Dorian Lawrence Finney-Smith (born May 4, 1993) is an American professional basketball player for the Brooklyn Nets of the National Basketball Association (NBA). He played college basketball for Virginia Tech and Florida.
After spending his first seven seasons with the Dallas Mavericks, he was traded to the Nets in February 2023.

High school career
Finney-Smith attended I. C. Norcom High School in Portsmouth, Virginia. As a junior in 2009–10 playing for the school's basketball team, he averaged 19.7 points, 13 rebounds, six assists, three steals, and two blocks per game.

In September 2010, Finney-Smith committed to Virginia Tech, and later signed a National Letter of Intent with the Hokies in December.

As a senior at Norcom in 2010–11, Finney-Smith averaged 18 points, 10.7 rebounds, and 3.8 blocks per game. He led the team to back-to-back Group AAA state championships, along with Eastern Region and District titles. He recorded 19 points, 17 rebounds and three blocks in the state championship game as a senior. He finished his high school career as a two-time VHSL Class AAA Player of the Year and first-team all-state, all-region, All-Tidewater and all-district. He also earned All-Tidewater player of the year as a junior and co-player of the year as a senior.

College career
As a freshman at Virginia Tech in 2011–12, Finney-Smith played in all 33 games, making 30 starts. He averaged 6.3 points and 7.0 rebounds per game and was named to the ACC All-Freshman Team. He scored a season-high 17 points in a 66–65 win over Boston College.

In June 2012, Finney-Smith transferred to Florida and was forced to sit out the 2012–13 season due to NCAA transfer regulations.

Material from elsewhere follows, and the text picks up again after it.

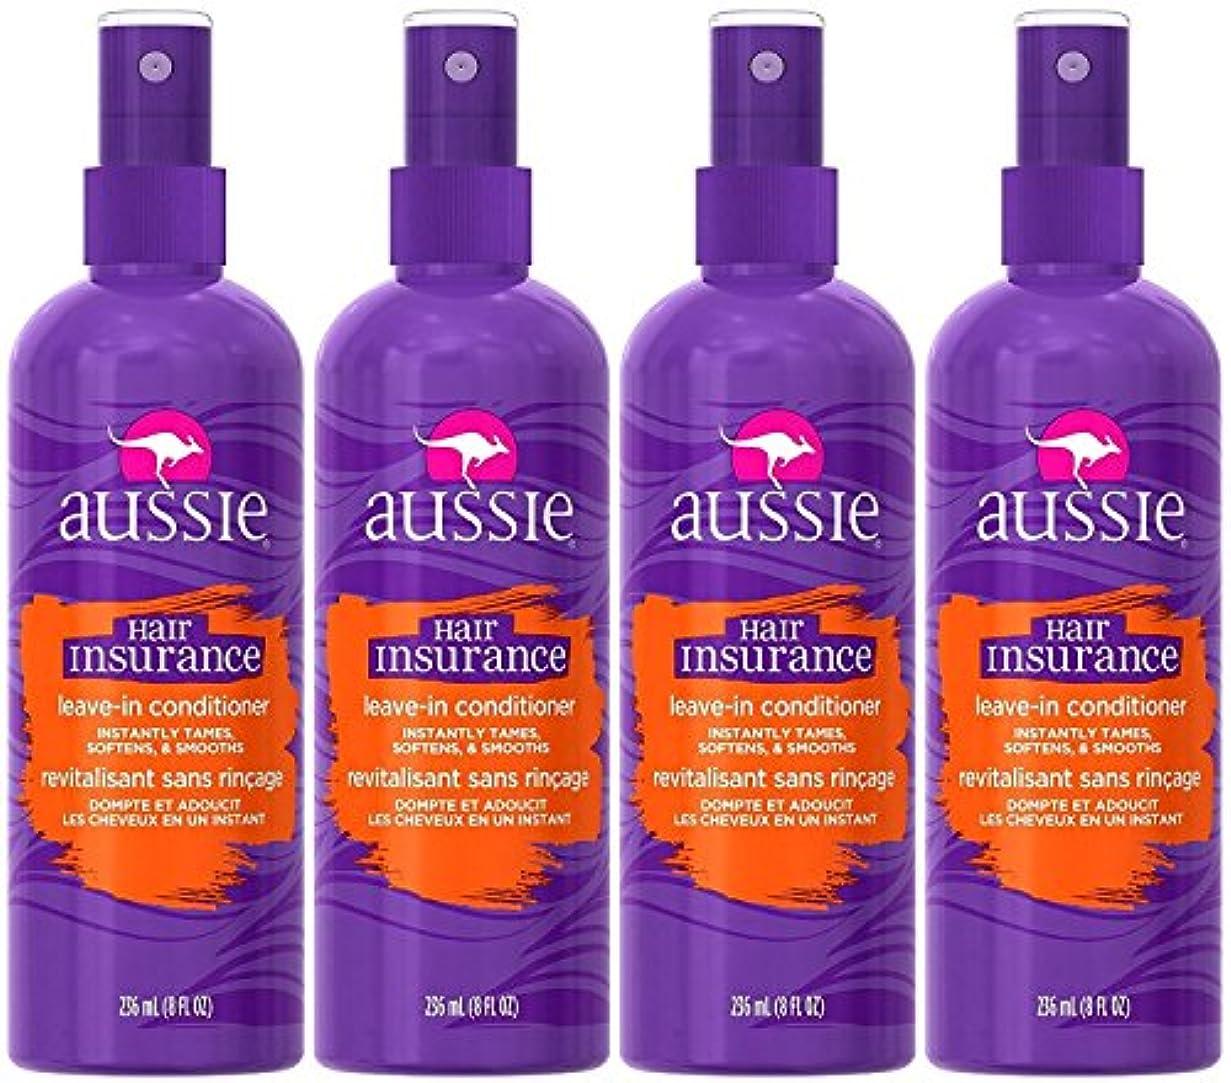 ぴったり道路ムスAussie 髪の保険は、リーブインコンディショナー8オンス(4パック)

As a sophomore in 2013–14, Finney-Smith was named SEC Sixth Man of the Year, becoming just the second Gator to win the award after Chris Richard in 2007. He was Florida's leading rebounder, both in total rebounds (247) and per-game average (6.7). He also recorded the first 20/15 performance by a Gator in a road game during Billy Donovan's tenure, totaling a personal-best 22 points in an overtime win over Arkansas. He appeared in 37 games with two starting assignments, averaging 8.7 points, 6.7 rebounds, and 2.1 assists in 25.8 minutes per game.

As a junior in 2014–15, Finney-Smith was named second-team All-SEC by the coaches and was Florida's leading scorer (13.1), rebounder (6.2) and three-point shooter (.426). He scored a career-high 25 points in Florida's win over Jacksonville, including a 5-for-7 performance from three-point range.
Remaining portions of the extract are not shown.